A. Certification Pursuant to 28 U.S.C. § 1292(b)...536

B. Dismissal on the Merits ...538

V. Conclusion ...542
I. Introduction

The case is before this court upon a mandate from the Court of Appeals for the Second Circuit. See Mandate, United States Court of Appeals for the Second Circuit, July 13, 2016, ECF No. 41 ("Mandate"). In a memorandum and order dated February 12, 2016 ("February Order"), this district court had granted defendant's motion to compel arbitration and stayed proceedings pending arbitration. See generally Bynum v. Maplebear Inc. , 160 F.Supp.3d 527 (E.D.N.Y. 2016), appeal dismissed (July 13, 2016).

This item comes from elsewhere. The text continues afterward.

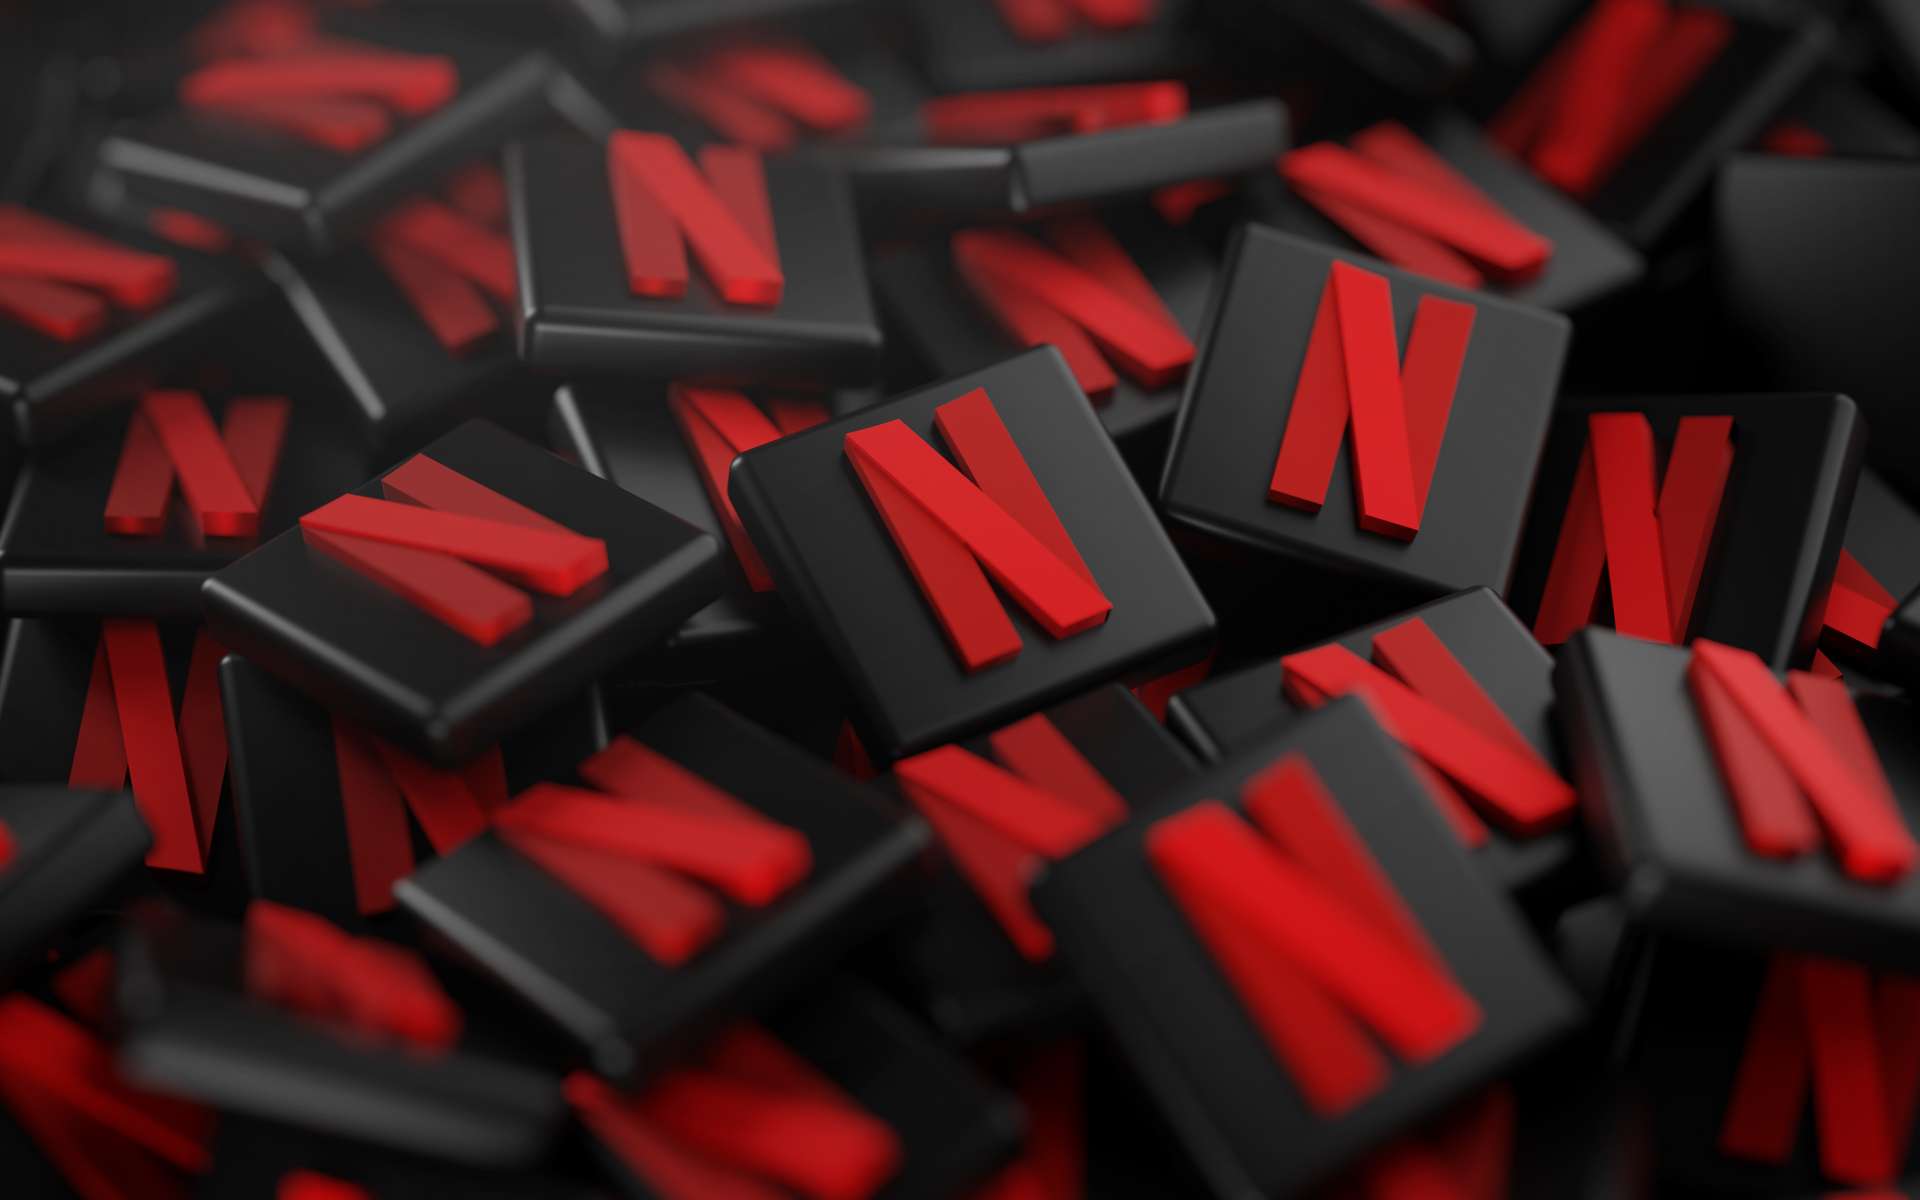 Le géant Netflix interdit l'accès à certaines séries américaines depuis la France. Les fournisseurs de VPN tentent de contourner la chose, mais bien souvent, Netflix repère les IP de tels services et les « blackliste ». © natanaelginting, Adobe Stock

Plaintiff had initiated the action to recover unpaid overtime and other expenses under the Fair Labor Standards Act ("FLSA") and New York Labor Law ("NYLL"). After severing unconscionable provisions relating to venue and fees, the February Order ruled that the parties had entered into a valid arbitration agreement and plaintiff's claims fell within its scope.

Plaintiff appealed. The Court of Appeals for the Second Circuit dismissed the appeal. It ruled that because a stay rather than dismissal was granted, the February Order is non-final and a court of appeals does not have jurisdiction. The mandate stated that "[t]he district court should determine, in the first instance, whether the Appellant's waiver of the right to arbitrate entitles the Appellant to termination of the existing stay and dismissal of the action, and/or whether certification under 28 U.S.C. § 1292(b) is appropriate." Mandate, July 13, 2016.

Plaintiff then filed a motion in the district court for leave to appeal. She seeks either (1) certification of the February Order pursuant to section 1292(b) of the United States Code, title 28, or, in the alternative, (2) a finding that the February Order is final in light of her intention to "waive" arbitration. See Pl.'s Mot. for Leave to Appeal, Aug. 18, 2016, ECF No. 44 ("Pl.'s Mot. for Leave to Appeal"). Defendant filed a memorandum in opposition to plaintiff's motion. See generally Def.'s Mem. in Opp'n to Pl.'s Mot. for Appellate Certification, Aug. 31, 2016, ECF No. 51 ("Def.'s Opp'n Mem.").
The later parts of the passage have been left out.